When a man’s disappointment in the outcome of his own life forces a wedge with his family, can their relationships be salvaged?


In 1950’s Pittsburgh, Troy (Washington) works as a garbage man to support his family – wife Rose (Davis), teenage son Cory (Jovan Adepo) and brother Gabe (Mykelti Williamson), who returned from World War II mentally disabled.  Occasionally, he finds himself also supporting Lyons (Russell Hornsby), his adult – and illegitimate – son from a previous relationship.  While Troy yearns for a better life, he is simultaneously trapped in bitterness about his past; an athlete in his youth, he once played baseball in The Negro League.  Segregation in Major League Baseball at the time prevented him from playing on a team with the players famous nationwide where he could compete and show off his skills.  To this day, Troy still cannot shake off his anger about this. 

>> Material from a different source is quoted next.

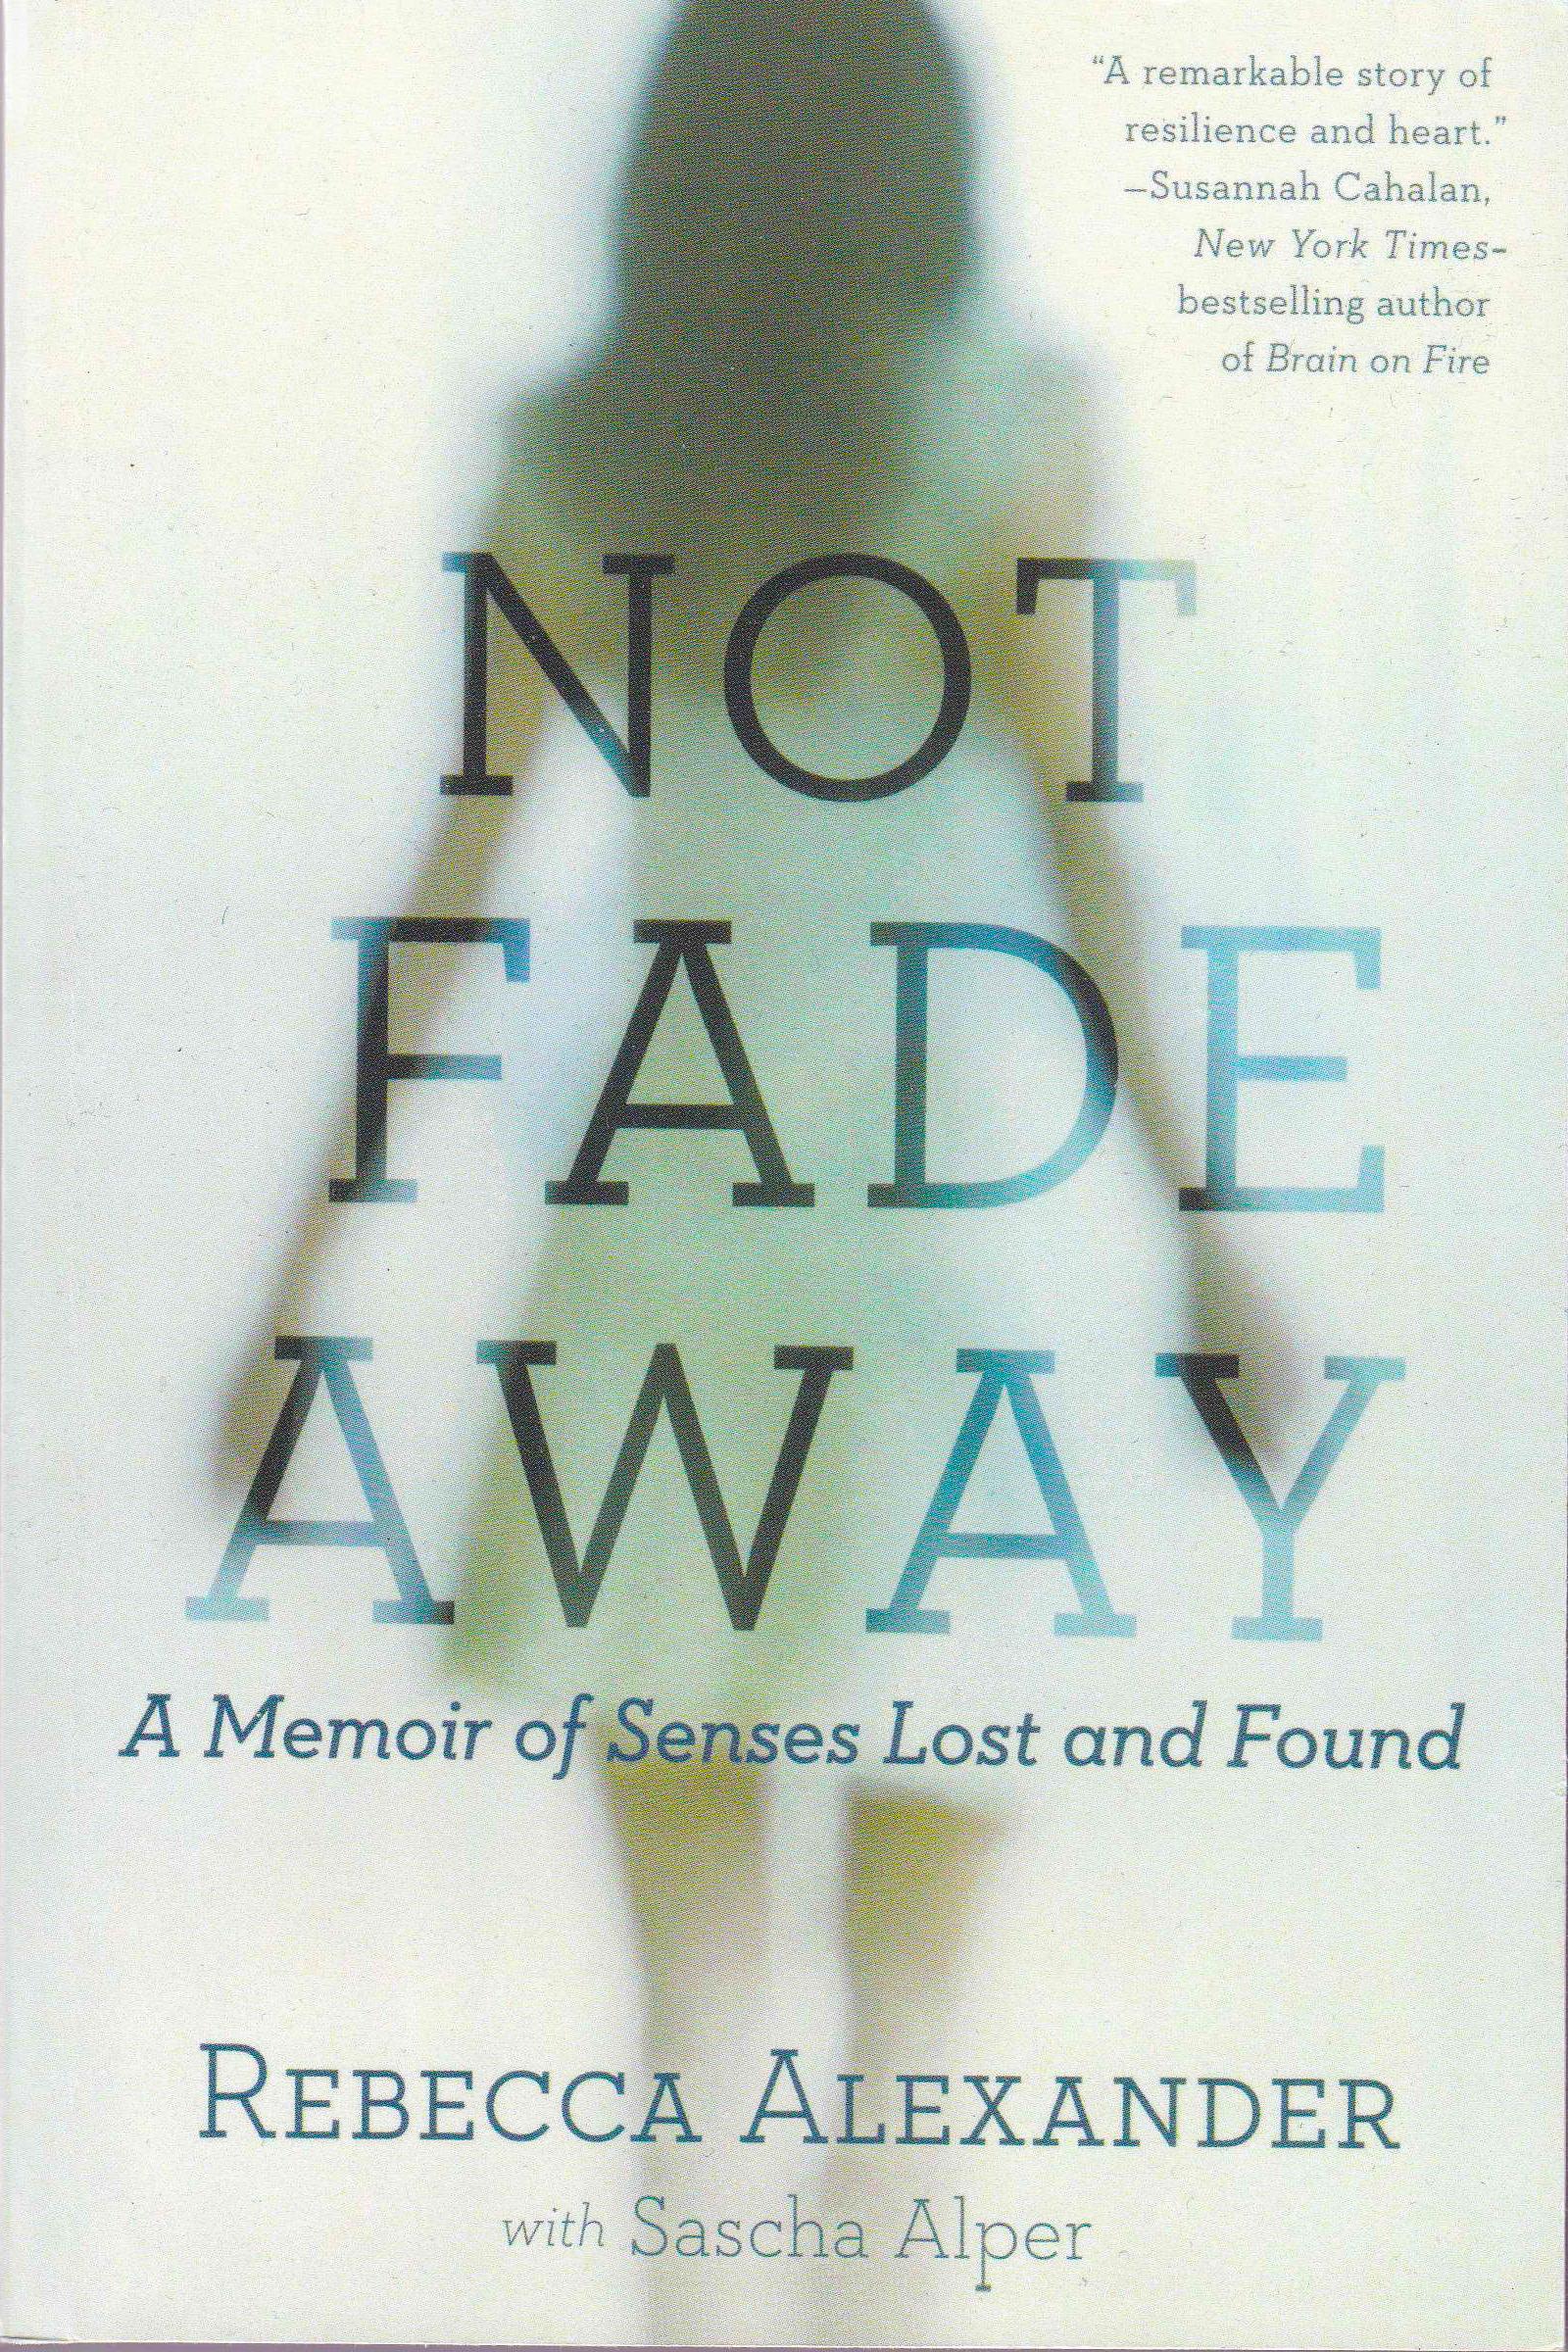 A memoir of senses lost and found

Cory shares both his father’s interest in sports and athleticism – he’s a star player on his high school football team.  Delighted to learn that a scout from a major college has been following his progress and wants to recruit him to play for the school’s team upon graduation, Cory believes he has a future in professional sports.  However, when Troy learns of this, he refuses to even meet with the scout, much less sign the necessary paperwork that will give Cory the permission to play college ball.  Instead, Troy encourages Cory to quit the football team and learn a trade so he can have sufficient skills to have a steady job. 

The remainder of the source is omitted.